1. Nostalgia del padre
Difatti, non si può nascondere che la ragione autentica che spinge milioni di persone ad acquistare il biglietto del cinema per assistere ad un nuovo episodio di una delle saghe più seguite di tutti i tempi consista nel riesumare ogni volta il personaggio di Darth Veder. Quest’ultimo ritorna, sia pure come fantasma, in The force awaken (Il risveglio della forza – 2015), e anche nel recentissimo Rougue One (2016), dove ricopre un ruolo marginale in un paio di frammenti della durata di pochi minuti ciascuno. Trascorsa l’infanzia, nessuno della vecchia guardia si è mai più preoccupato della sorte toccata alla Resistenza e i registi l’hanno capito talmente bene che i capitoli successivi, usciti nell’arco di un ventennio, sono stati concepiti tutti sulla base del cavaliere nero.
In breve, l’impianto narrativo sul quale viene costruito questo moderno romanzo familiare scaturisce da un desiderio irrisolto, da parte dei suoi uditori, di resuscitare la figura paterna di cui viene rimpianta la scomparsa. Si tratta di un bisogno legato all’attualissimo tema proposto da Massimo Recalcati, il quale osserva come l’evaporazione del Padre corrisponda al tramonto delle grandi ideologie novecentesche, sostituite tuttavia da un relativismo assoluto ancora più oppressivo delle forme autoritarie precedenti (1). Veder si presenta perciò come il vero e indiscusso protagonista, oltre a costituire, da un punto di vista formale, l’unità del racconto in quanto, nello stesso tempo, narratore cui sono legati i destini degli altri personaggi.
2. Desiderio e consumo
Dunque, dicevamo, verso la fine degli anni ’90 il punto di vista si inverte: l’Alleanza serve ai registi di Star Wars come pretesto per esibire l’Impero e non viceversa, passaggio che sta a significare la mancata identificazione dello spettatore con il ribelle, topos comune del racconto d’avventura.

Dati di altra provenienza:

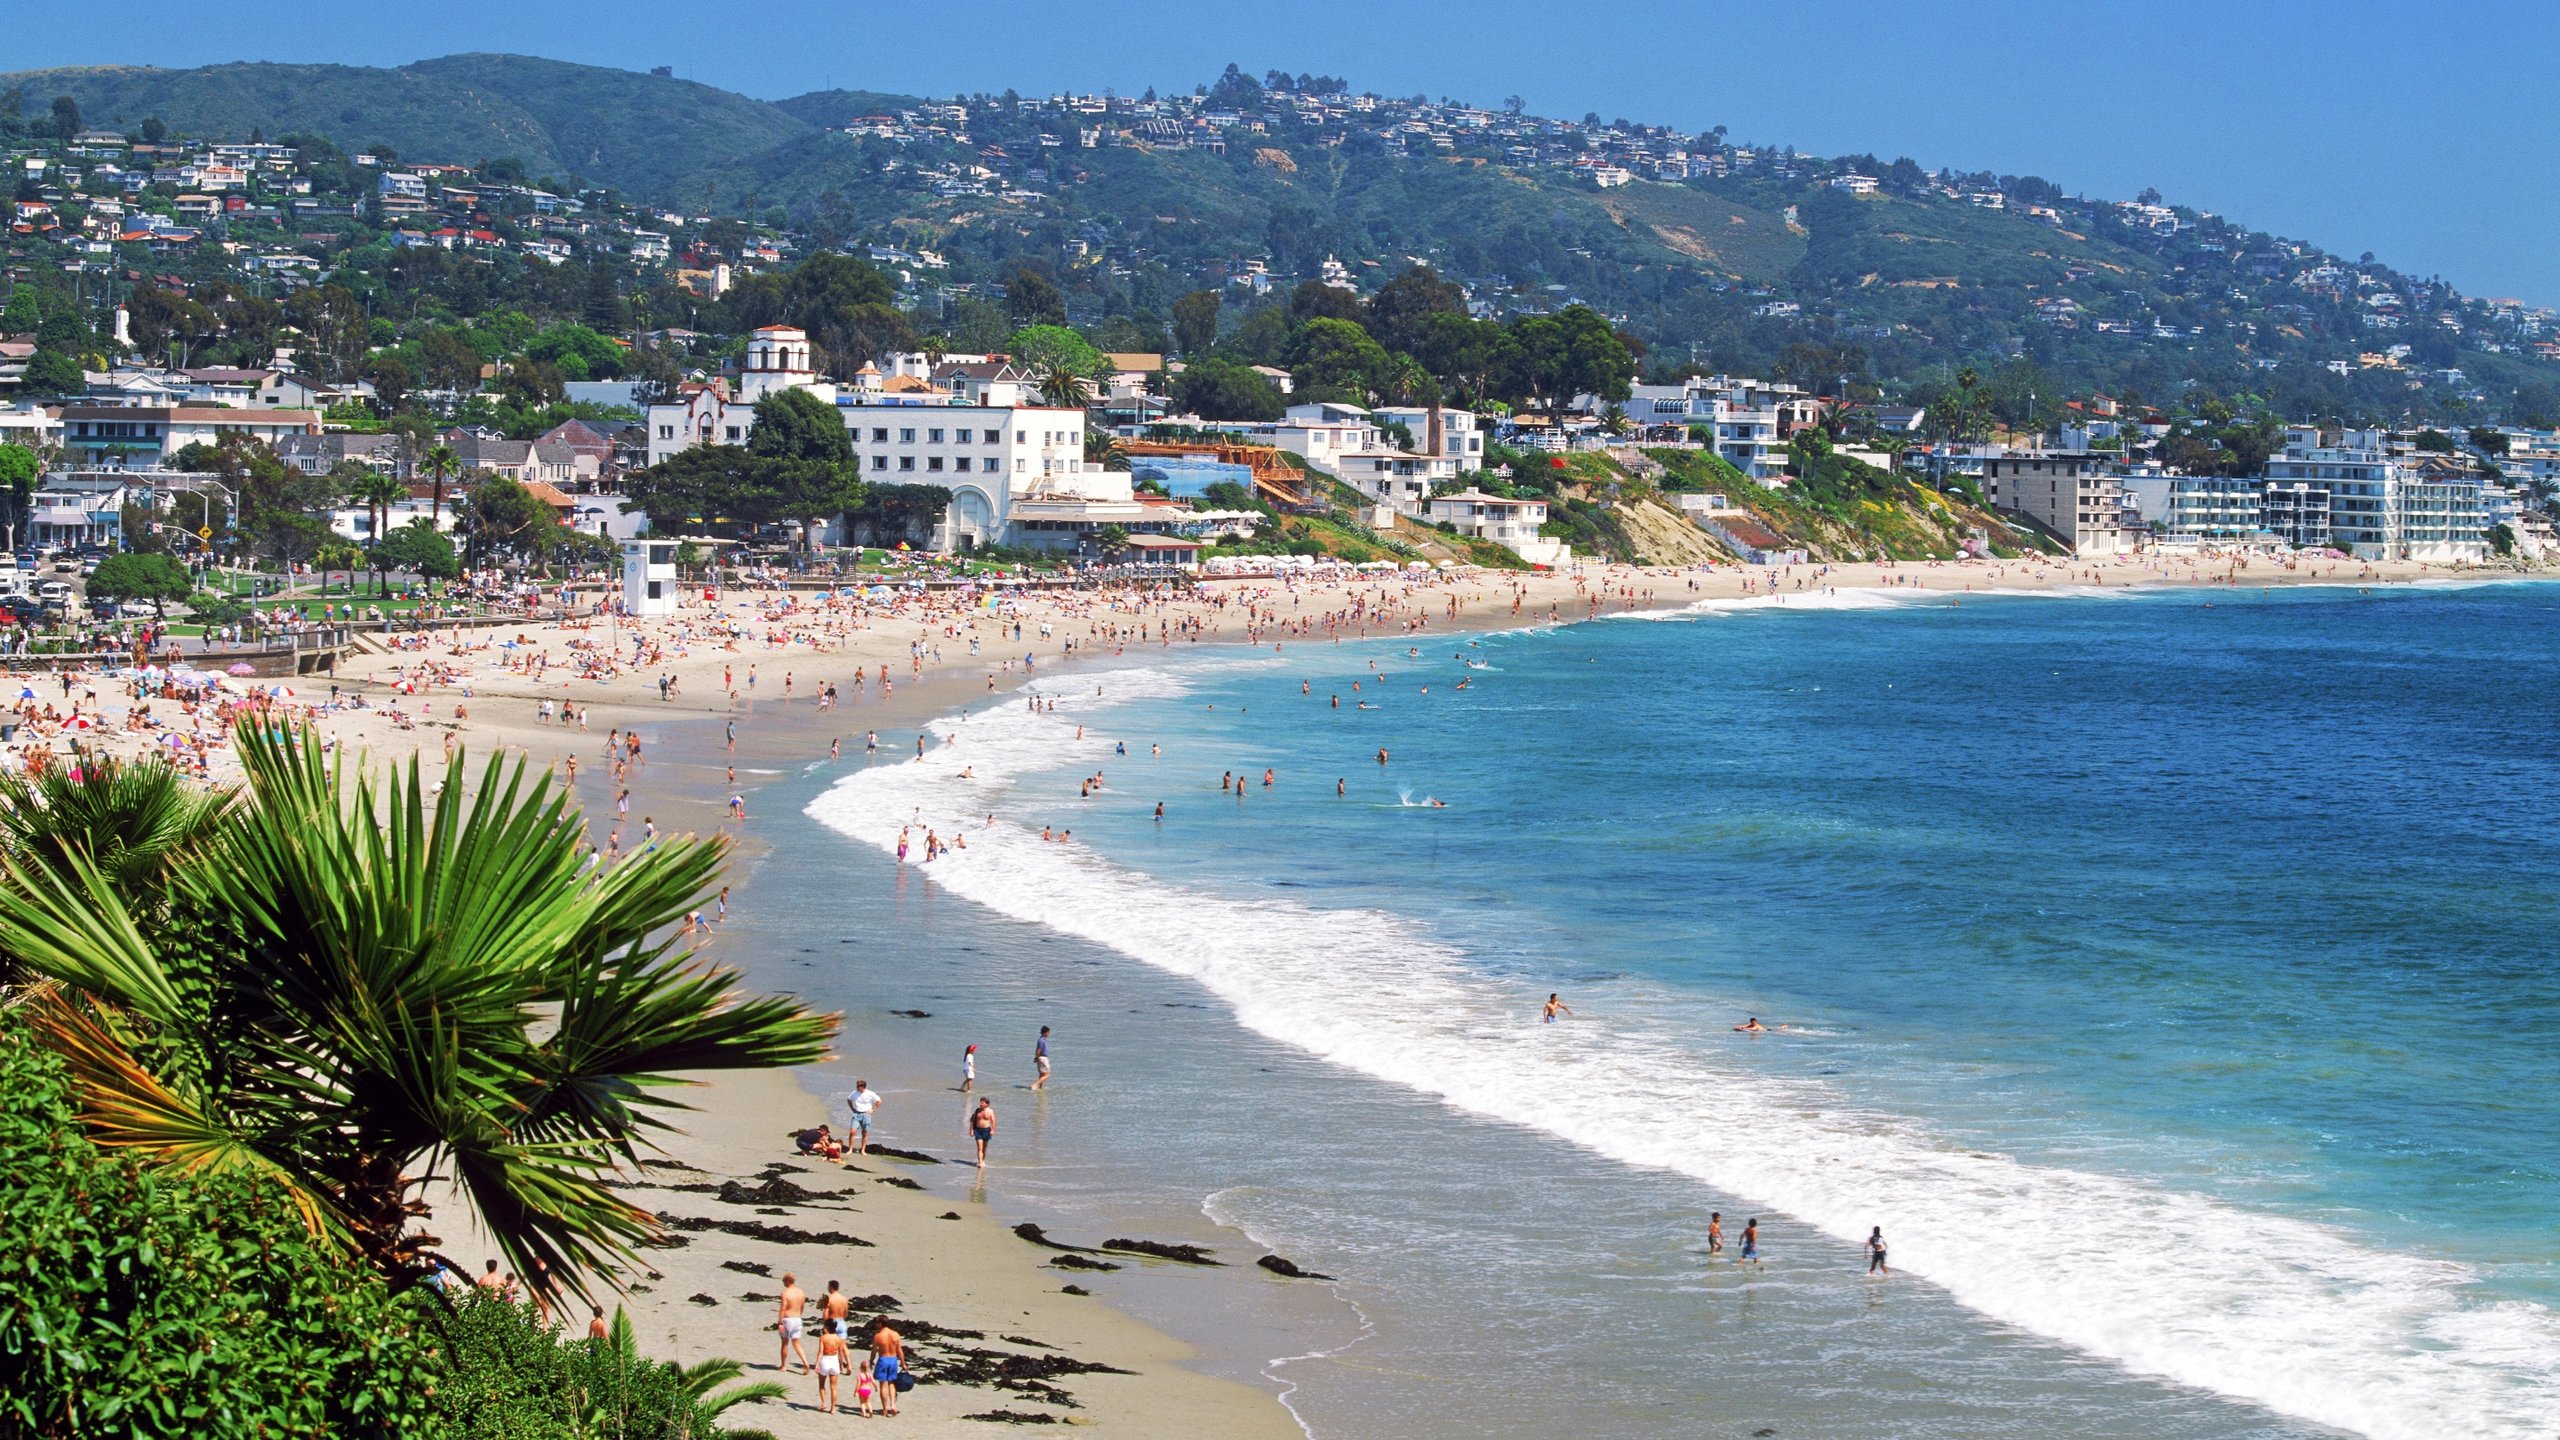 Visit Laguna Beach: 2022 Travel Guide for Laguna Beach, California

Chi è diventato il regista di un’opera colossale, ed è chiamato a sbancare ogni tre 3-4 anni al botteghino, si è dovuto fare contemporaneamnete psicologo delle masse, quelle stesse che, essendo state escluse dai diritti del lavoro e dalle tutele sociali più basilari, sono ormai inorridite di fronte al caos. Per fare un esempio recente, la figura di Donald Trump rappresenta perfettamente una figura guida che testimonia la mancanza di una politica determinata a risolvere problemi di ambito popolare, in grado quindi di incarnare l’immaginario frustrato dei ceti meno abbienti americani (2).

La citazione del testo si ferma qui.